# Troy-Bilt Horse Tiller oil drain mystery



## Bombur (Apr 14, 2014)

I just bought an older Horse and noticed the gear oil in the drive train for the blades has water emulsion in it. Can't find a drain plug. How to drain this oil??

THanks for any responses


----------



## wjjones (May 28, 2010)

Bombur said:


> I just bought an older Horse and noticed the gear oil in the drive train for the blades has water emulsion in it. Can't find a drain plug. How to drain this oil??
> 
> THanks for any responses




Not sure on the drain location maybe somewhere around the lower end underneath. I had the same problem with an old tiller my wifes grandfather gave me. I drilled, tapped, and put in a grease zerk I just put general purpose grease in it now it helps with keeping water out, and the thinner oil leaking out.

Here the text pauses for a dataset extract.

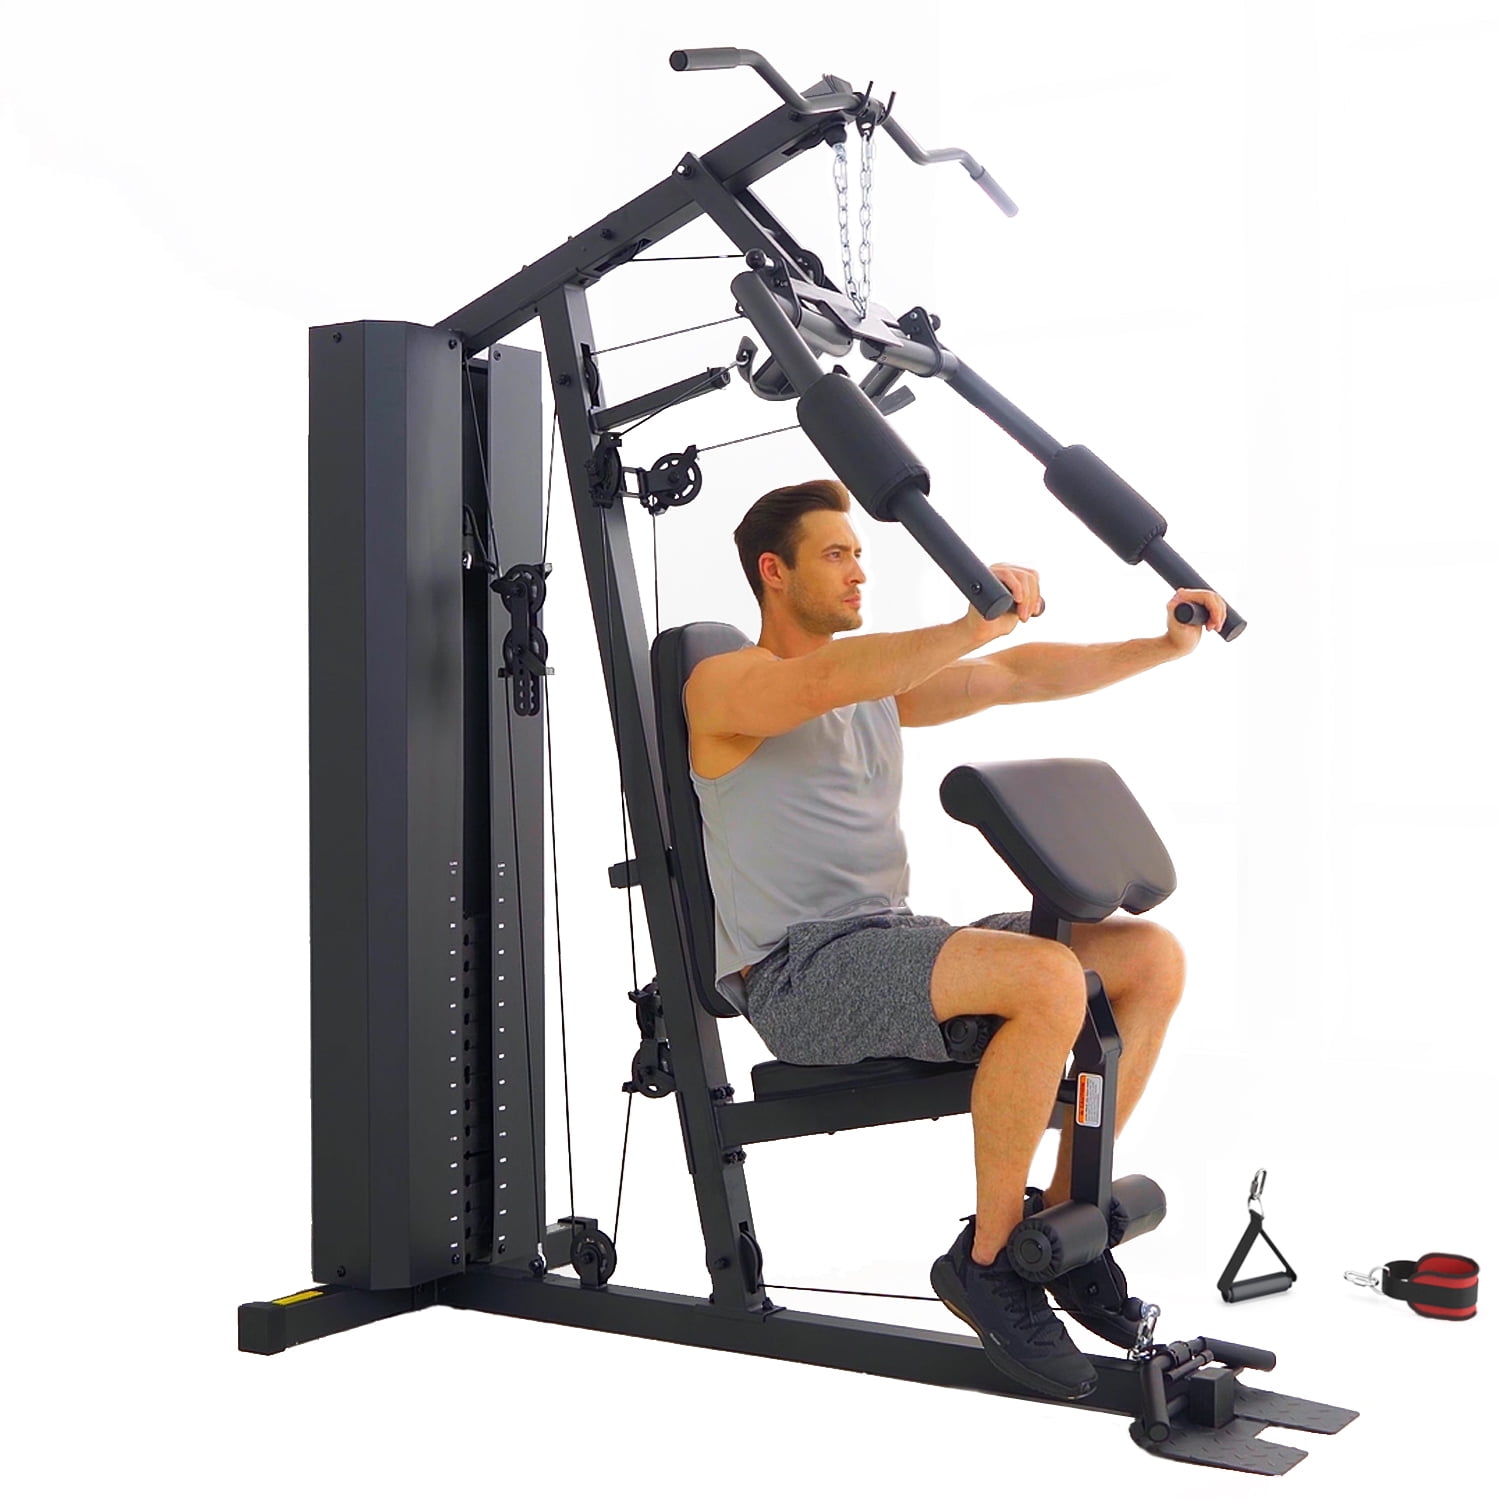 JX Fitness Home Gym Multifunctional Full Body Home Gym Equipment Wlscm-1148l, Black
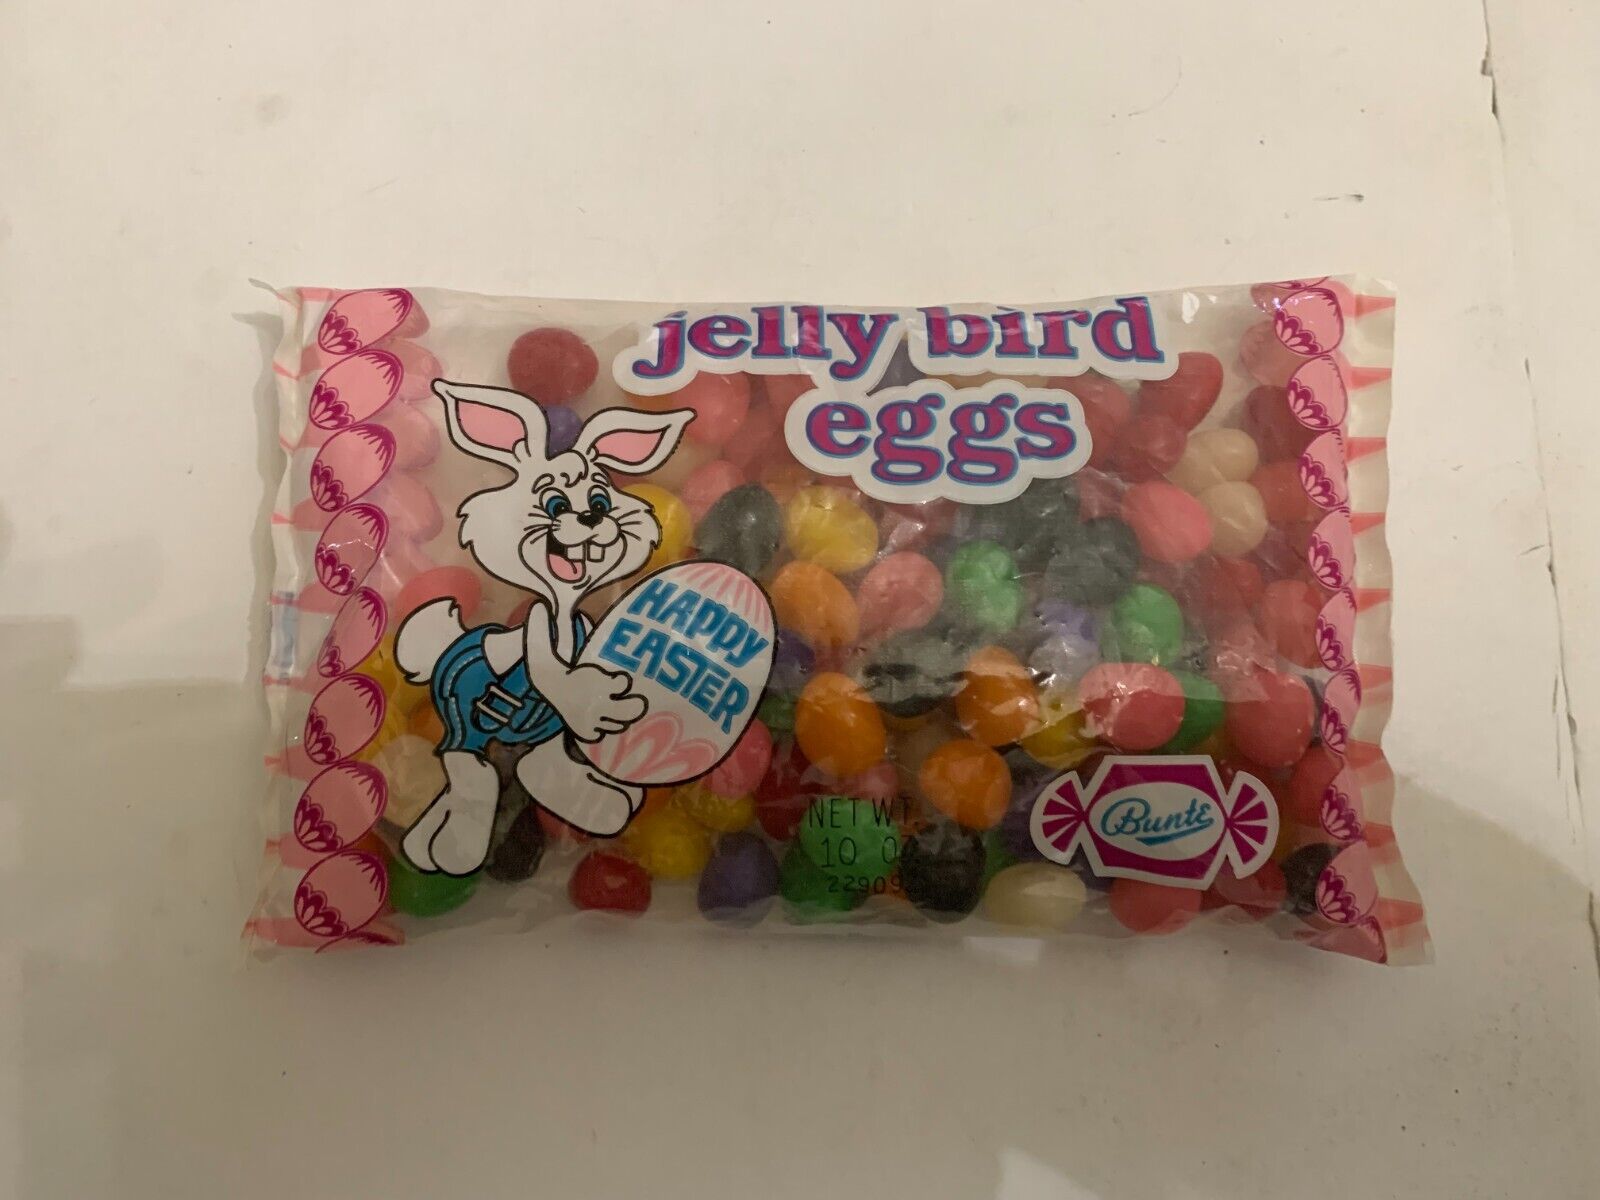 Vintage c.1990's Bunte Jelly Bird Eggs Easter Candy 10 oz. Unused

I have been running it this way for 10 years, and it does fine with the grease.


----------



## jhngardner367 (Apr 5, 2011)

Look on the left side of the gearbox(from rear),where the axle shaft comes out. Just below it is a drain plug,and just above the axle, is the fill plug


----------



## Bombur (Apr 14, 2014)

*Troy Bilt Horse tiller oil drain mystery*

The oil I need to drain lubricates the tines gears. I believe this oil is separate from the drive wheels oil, which I already changed. The oil on the flat dipstick is light brown and cloudy


----------



## jhngardner367 (Apr 5, 2011)

The axle I'm talking of is the TINE axle,not the drive axle.

They are fed from the same oil,but the gearbox for the tines is where it's drained/filled from.check this link.

http://www.partstree.com/parts/?lc=...OTOTILLER+(S/N+120550100101-UP)&dn=0007100005


----------